I got a new shadow. I had to get rid of the other one . . . It wasn't doing what I was doing.

I was once walking through the forest alone. A tree fell right in front of me--and I didn't hear it.

I wrote a song, but I can't read music so I don't know what it is. Every once in a while I'll be listening to the radio and I say, "I think I might have written that."

He asked me if I knew what time it was. I said, "Yes, but not right now."

I put tape on the mirrors in my house so I don't accidentally walk through into another dimension.

WORK One-Liners:

Give a man a fish and he will eat for a day. Teach him how to fish, and he will sit in a boat and drink beer all day.

Never ask a barber if he thinks you need a haircut.

This is a test. It is only a test. Had it been an actual job, you would have received raises, promotions, and other signs of appreciation.

We pretend to work because they pretend to pay us.

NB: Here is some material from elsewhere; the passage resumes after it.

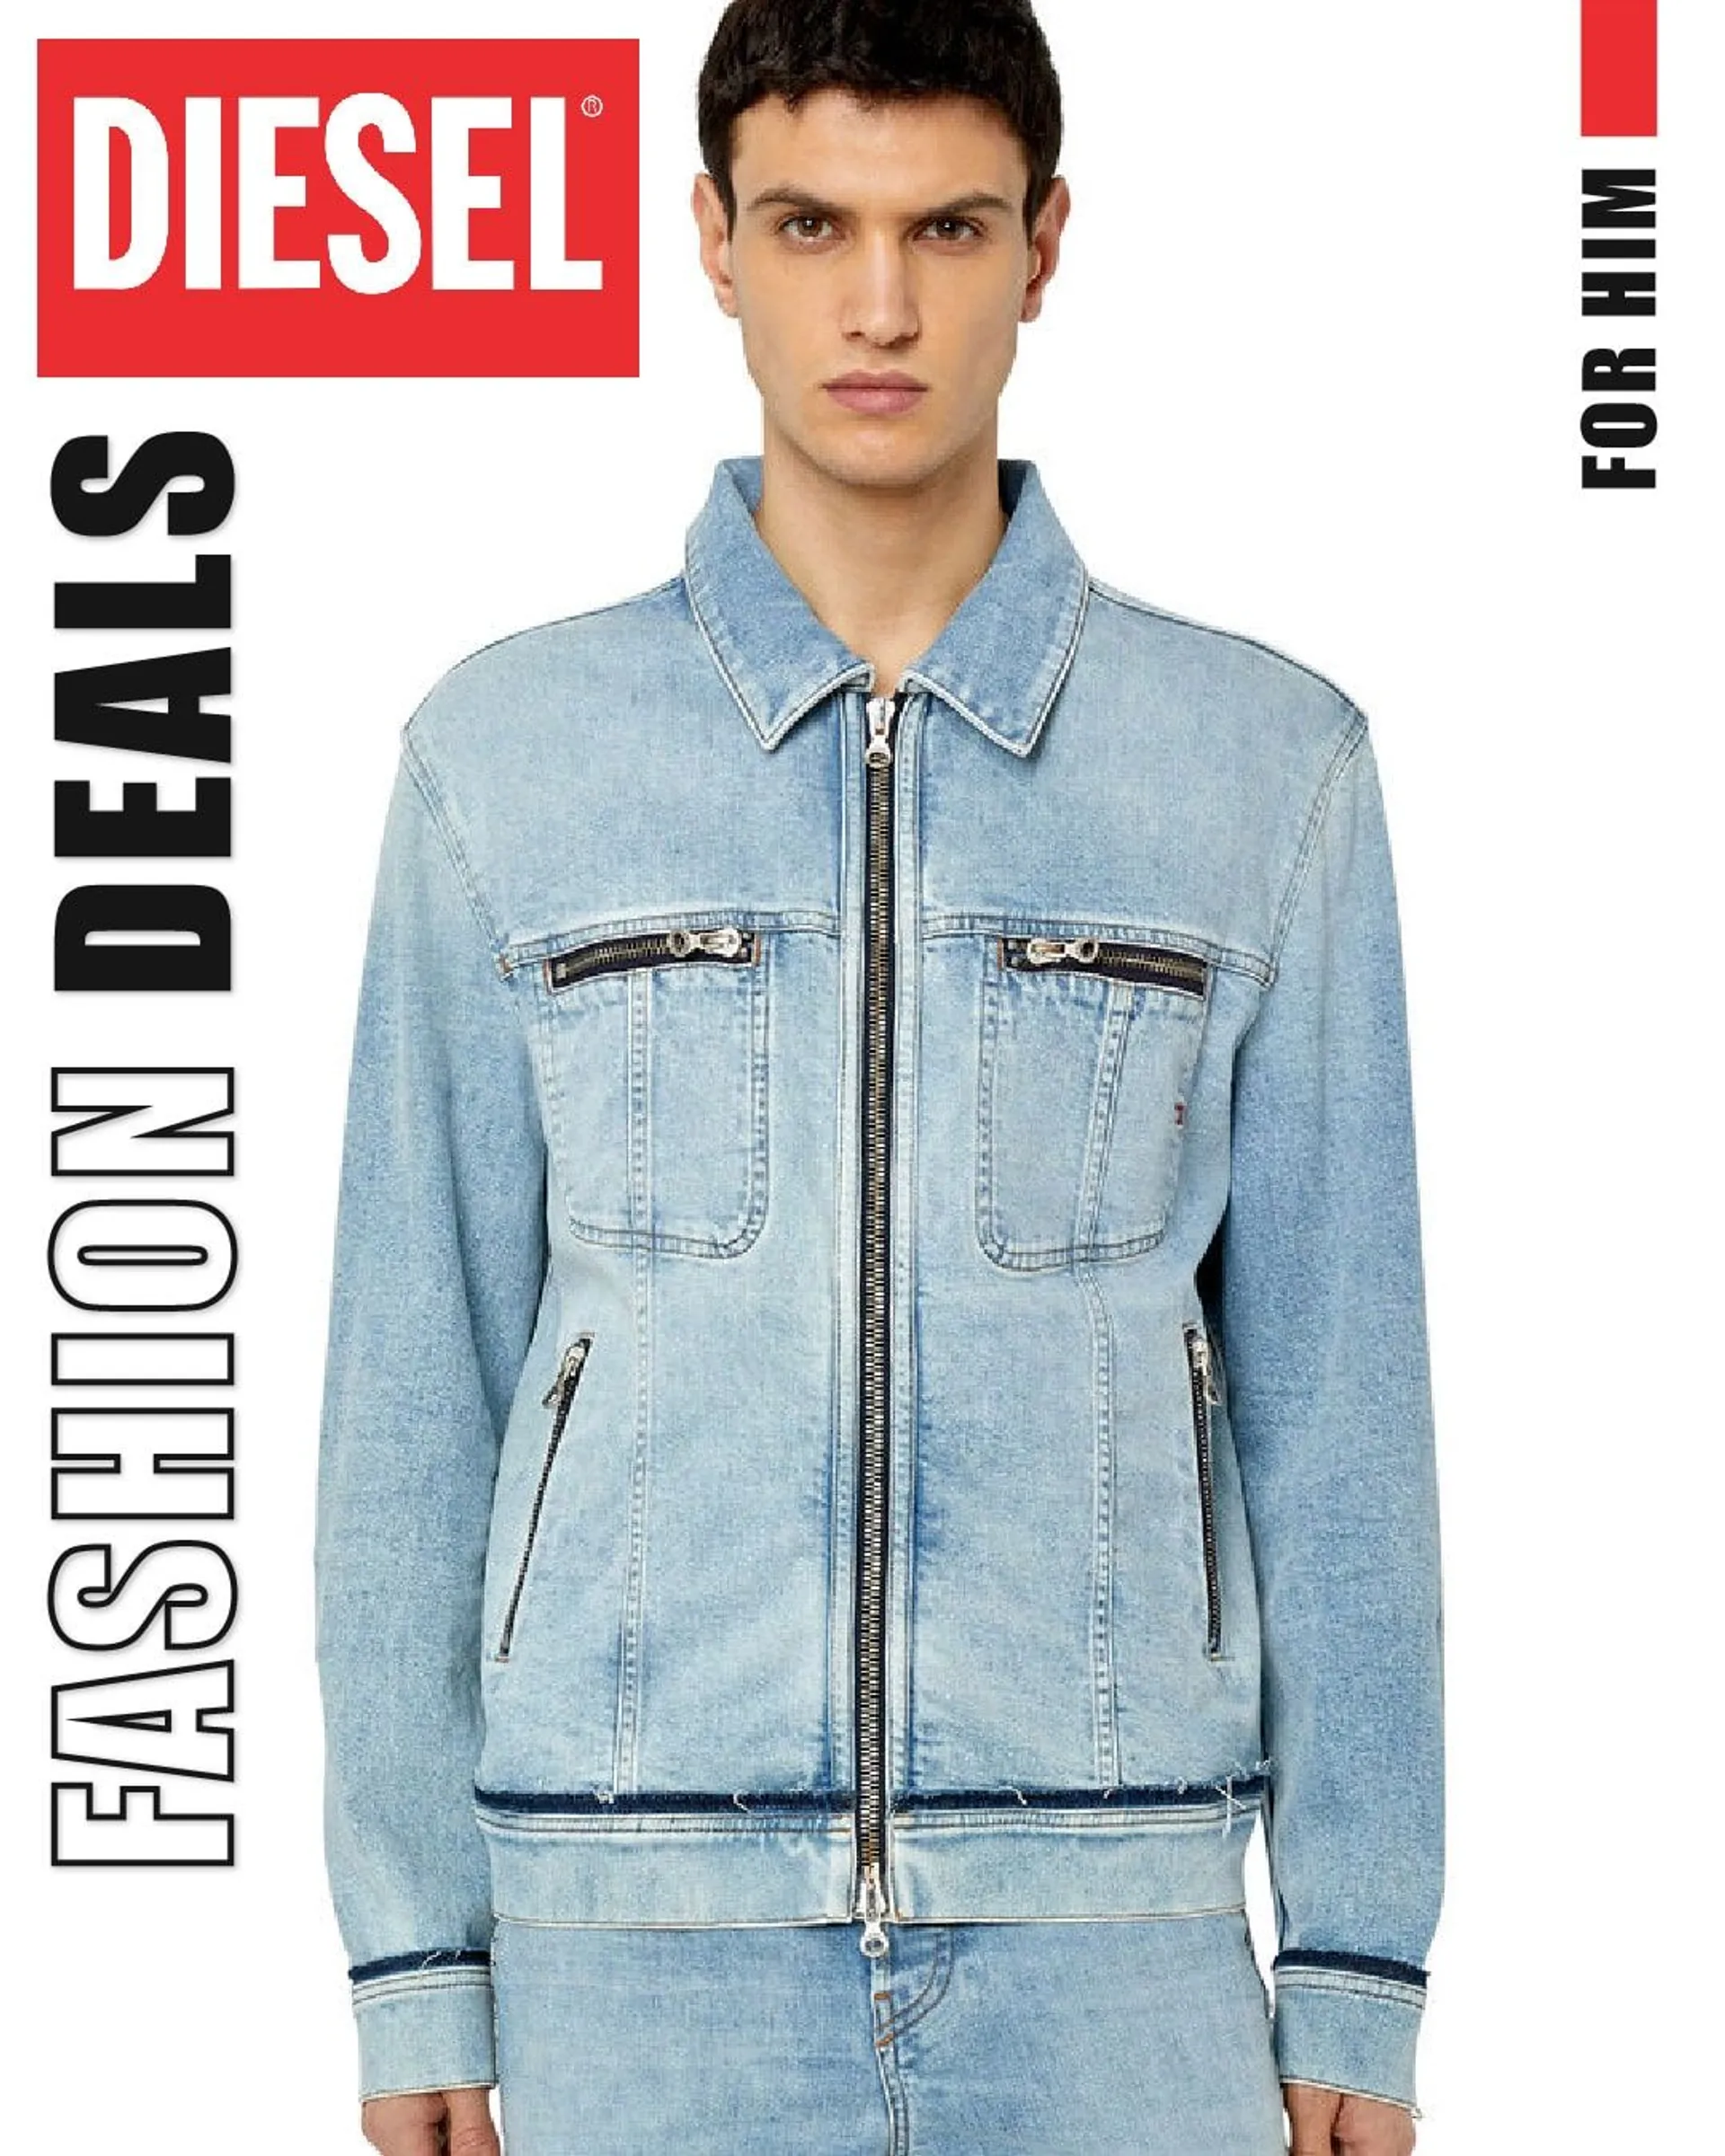 Diesel - Fashion Men

This isn't an office. It's Hell with fluorescent lighting.

I used up all my sick days, so I called in dead.

If you tell the boss you were late for work because you had a flat tire, the next morning you will have a flat tire.

The specialist learns more and more about less and less until, finally, he knows everything about nothing. The generalist learns less and less about more and more until, finally, he knows nothing about everything.

In every organization, there will always be one person who knows what's going on. This person must be fired.

Never quit until you have another job.

I wasn't sleeping. I was testing the keyboard for drool resistance.

To err is human; to forgive is against company policy.

Follow your dream; unless it's the one where your naked at work during a fire drill.

If you aren't fired with enthusiasm, you will be fired with enthusiasm.

9 out of 10 doctors will agree that 1 out of 10 doctors is an idiot.

There are only two enterprises that refer to their customers as "users," and one is illegal.

Work fascinates me. I could sit and watch it for hours.

Don't be irreplaceable. If you can't be replaced, you can't be promoted.

I work 45 hours a week to be this poor.

Stress is when you wake up screaming, and realize you hadn't gone to sleep yet.

Drink coffee! Do stupid things faster with more energy!

A procrastinator's work is never done.

When you work here, you can name your own salary. I named mine "Louie".